Table 1 also shows that BPJJ obtains \(\textbf{B}\) [of \(\varvec{\beta }_{l}\) in Eq. (30)] by Eq. (31) in \(O(qL^2)\) on each data pattern [see Eq. (55)], while node-wise BPFCC evaluates \(\alpha ^{(j)}_{l \rightarrow L}\) at each repetition j, \(j \!=\! 1,..., q\), by Eq. (20) at the same cost; this is due to the special FCC structure of Cheng’s type (see Appendix A.1). Here, two node sensitivities are related by
This suggests that BPFCC may be so modified as to return \(\textbf{G}\!=\! \textbf{B}\), node sensitivities [e.g., see Eq. (54)], rather than \(\textbf{G}\!=\! \textbf{U}^\textsf{T}\), the rows of \(\textbf{J}\), in order to follow Eq. (34); this simplification is probably the easiest way to improve BPFCC.
4 Numerical Results
In [3, Table 3, p.309], the multiple q-output (\(q>1\)) benchmark problems are investigated by the FCCNET program with BPFCC for various FCC models. Among them, we use the cardiotocography benchmark problem (2,126 data) involving 21 attributes (\(n \!=\! 21\)) and ten classes (\(q \!=\! 10\)) for our numerical test (to be shown in Sect. 4.1 below). After that, we discuss the numerical results available in [3, Table 4, p.309] and [45, Table II, p.1799].
4.1 Numerical Evidence Supporting our Cost Analysis in Table 1
We show the numerical evidence supporting our complexity analysis shown in Table 1 with a five-stage (\(L \!=\! 5\)) 21-input 10-output FCC model having 354 weights (\(M \!=\! 354\)); see Fig. 5b for the sparsity structure of the Gauss-Newton Hessian matrix for optimizing that FCC model.
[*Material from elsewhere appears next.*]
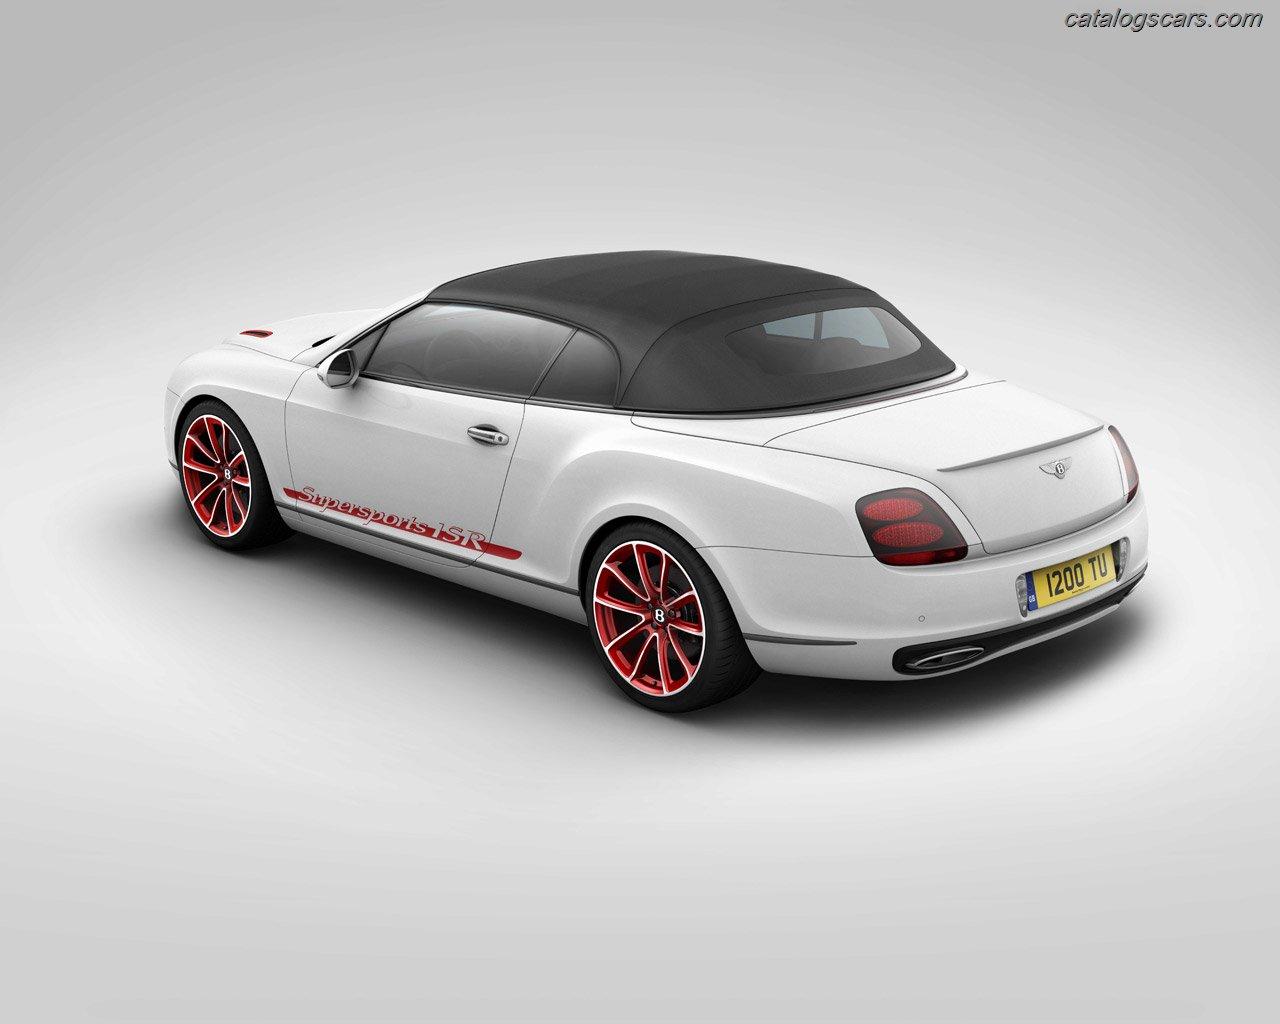 صور سيارة بنتلى كونتيننتال سوبر سبورتس كونفيرتابل 2014 - اجمل خلفيات صور عربية بنتلى - Bentley Continental SuperSports Convertible Photos Bentley-Continental-SuperSports-Convertible-2011-04.jpg

In [3, Table 3], the set of 2,126 (cardiotocography) data is split into two for training and testing, but we just use all 2,126 data in the batch mode to measure the execution (CPU) time for evaluating the Gauss-Newton Hessian matrix explicitly on a Windows-10 PC with i7-6500U CPU (2.6 GHz) and 8 GB (RAM).
Table 2 compares the execution (CPU) time for forming the Gauss-Newton Hessian matrix \(\textbf{J}^\textsf{T} \textbf{J}\) between our BPJJ and Cheng’s FCCNET with BPFCC. The approximate flops ratio (with hidden constants totally ignored) gives just a rough estimate in speed difference, showing that BPJJ can work about 18 times faster than FCCNET; actually, it worked roughly six times faster in the execution time (averaged over ten trials).
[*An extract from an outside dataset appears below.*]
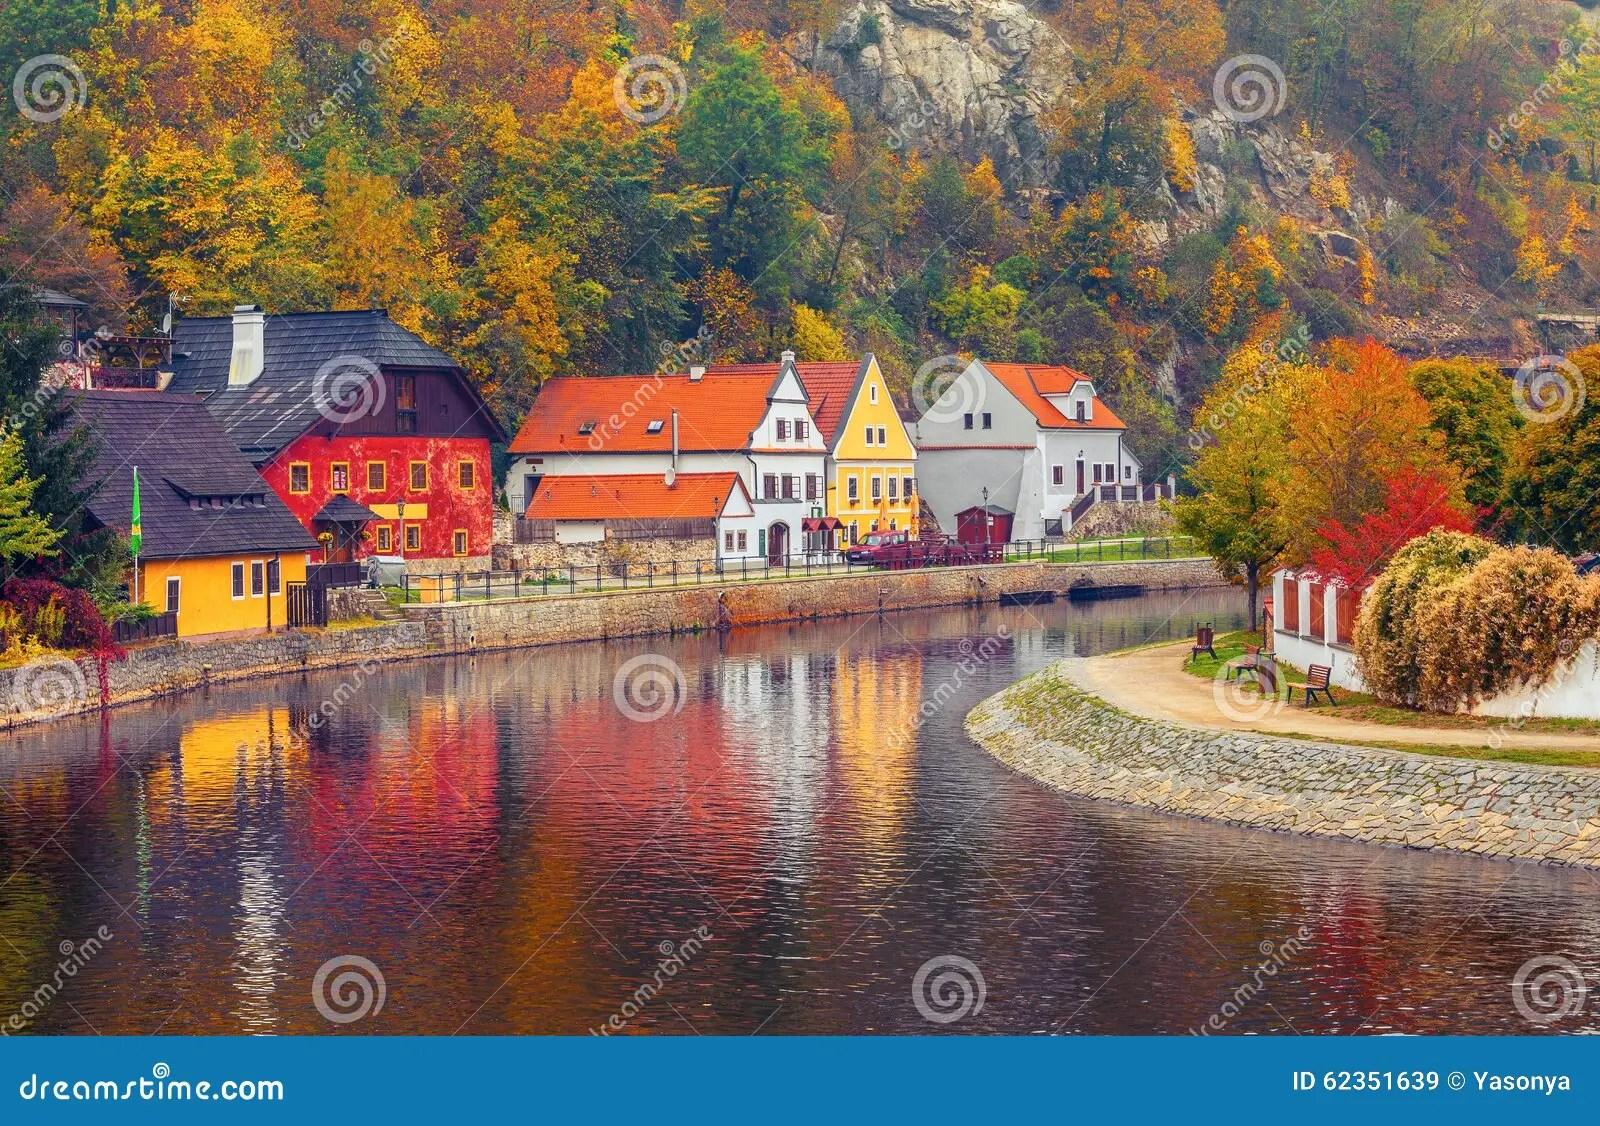 Paesaggio Autunnale Con La Casa Colorata Sopra Il Fiume Immagine Stock  Immagine di housetop europeo 62351639

4.2 Comparison Between BPFCC and NBN
Cheng has employed BPFCC for a certain implementation of the Levenberg-Marquardt method [3, p.303], called FCCNET, and then highlighted in [3, Sec. 5.5] the comparison between FCCNET and the NBN algorithm [45, 46] with respect to the total training time in single-output (\(q \!=\! 1\)) problems (although NBN is developed for \(q > 1\)); in [3, Table 4, p.309], FCCNET worked much faster than NBN. However, the total training-time results therein are misleading because the total training time heavily depends on the implementation Footnote 4 of the Levenberg-Marquardt method. Furthermore, both procedures must perform the same rank-updating by Eq. (3), which is much more time-consuming than forming \(\textbf{U}\), as shown in Table 1(c); see also steps (b) and (c) in Eq. (4) for MLP-learning. In other words, the execution time for one Levenberg-Marquardt step should be virtually equivalent between FCCNET and NBN for any single-output (\(q \!=\! 1\)) applications, as clearly described in [45, p.1798] with the complexity analysis of NBN.
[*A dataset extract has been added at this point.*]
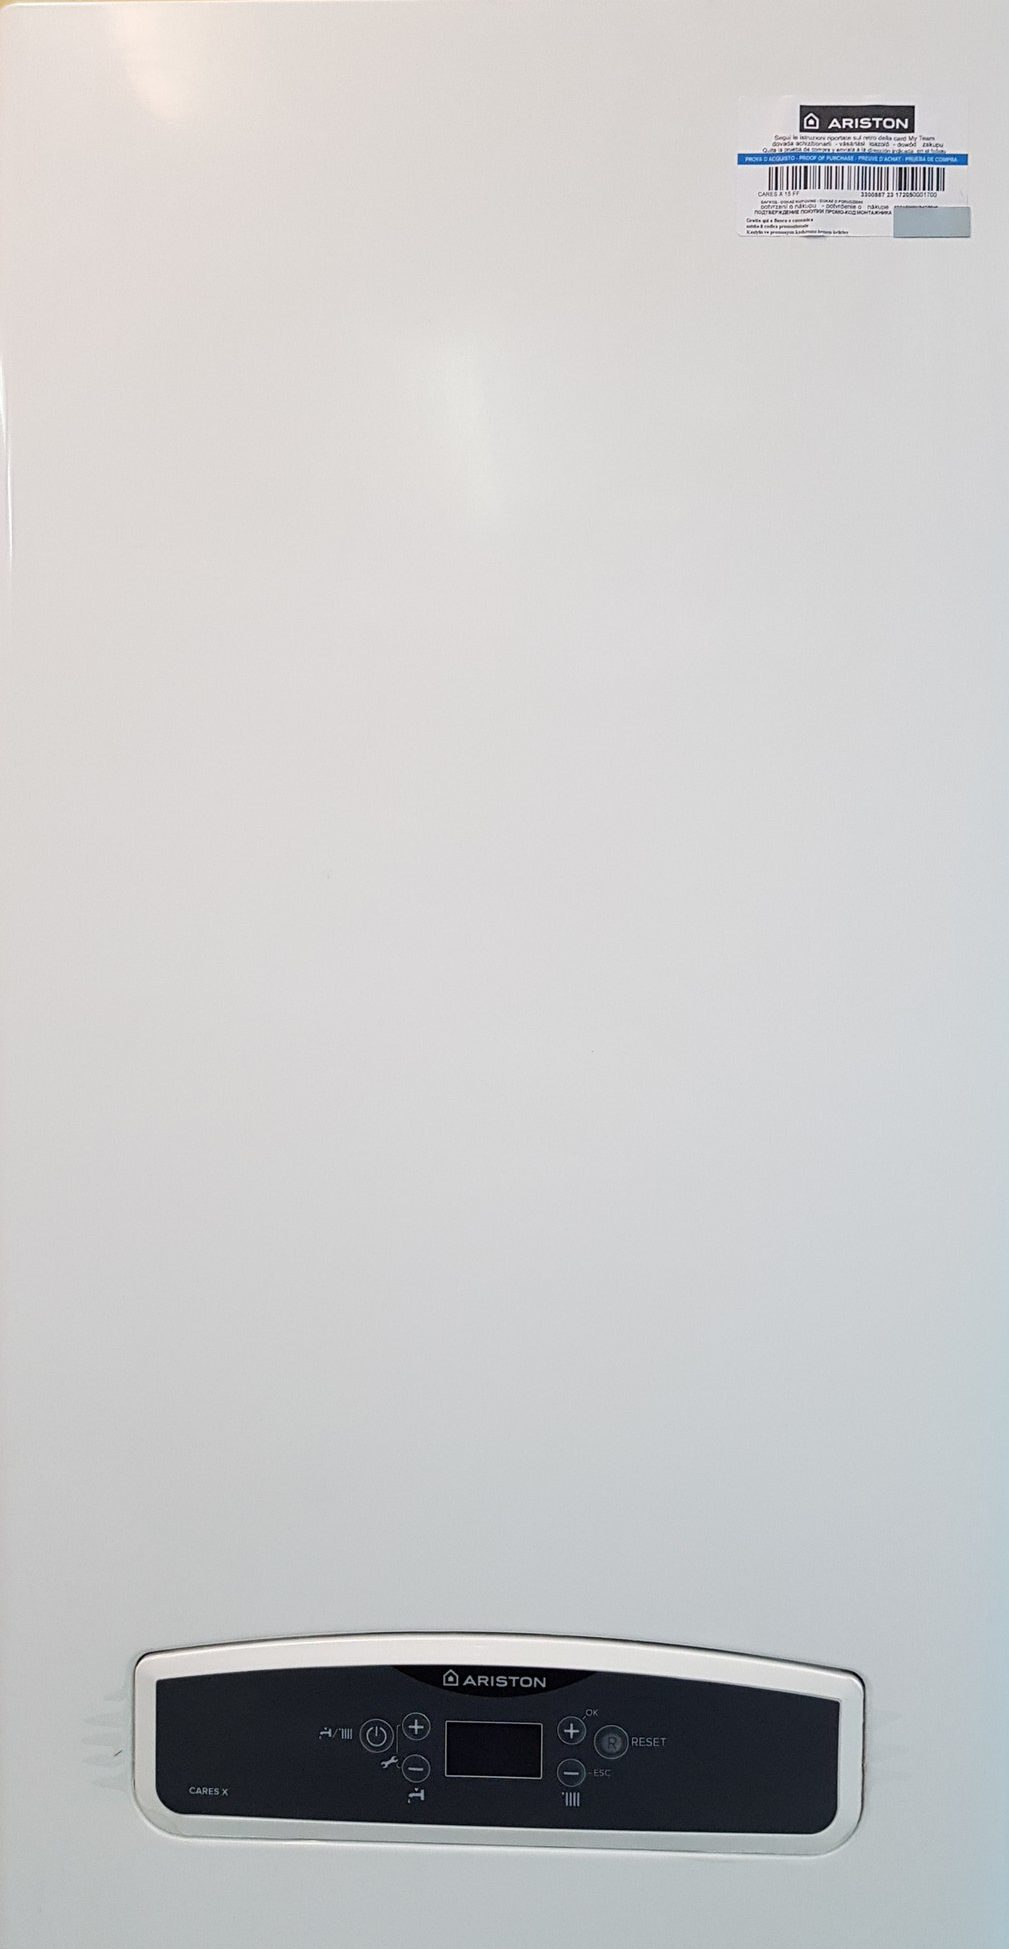 Продажа запасных частей Ariston Аристон ремонт котлов Ariston Аристон пусконаладка ремонт Продажа запасных частей Ariston Аристон ремонт котлов Ariston Аристон пусконаладка ремонт

Since NBN is originally designed for multiple q-output problems, NBN can work faster than Cheng’s BPFCC for forming \(\textbf{U}^\textsf{T}\), q rows of \(\textbf{J}\). Wilamowski and Yu compared Algorithms BPMLP and NBN in time complexity for 8-56-56 \((q \!=\! 56)\) MLP-learning; see [45, Table II, p.1799], where BPMLP is called “Hagan-Menhaj computation” due to [19]. Their cost analysis shows that NBN can form \(\textbf{U}\) roughly 17 times faster than BPMLP; needless to say, NBN can also work faster than BPFCC in forming \(\textbf{U}\). The point to note here is that both NBN and FCCNET (with BPFCC) must employ the same most time-consuming rank-updating by Eq. (3) [see also step (c) in Eq. (4)]; therefore, the overall time difference between NBN and FCCNET would be small per iteration. By contrast, our BPJJ is designed to reduce the dominant cost by avoiding rank-updating with Eq. (3) without evaluating \(\textbf{U}\) explicitly.
4.3 Discussion
If the residual Jacobian matrix \(\textbf{J}\) of size \(m \times M\) in Eq. (2) can be stored explicitly, then QR factorization can apply to \(\textbf{J}\) directly. Alternatively, one can avoid storing \(\textbf{J}\) due to the memory concerns by forming \(\textbf{J}^\textsf{T} \textbf{J}\!=\! \sum _p \textbf{U}_p \textbf{U}_p^\textsf{T}\) by Eq. (3); then, the (modified) Cholesky factorization can apply to \(\textbf{J}^\textsf{T} \textbf{J}\). In both cases, the regularization parameter \(\mu \) may be introduced for implementing the Levenberg-Marquardt method. In any event, the latter Cholesky approach works about twice faster than the former QR approach (e.g., see [5]). In nonlinear least squares learning, the speed per epoch and memory-saving are primary concerns; therefore, the (modified) Cholesky approach is much popular [1, 19, 24, 25, 40, 46].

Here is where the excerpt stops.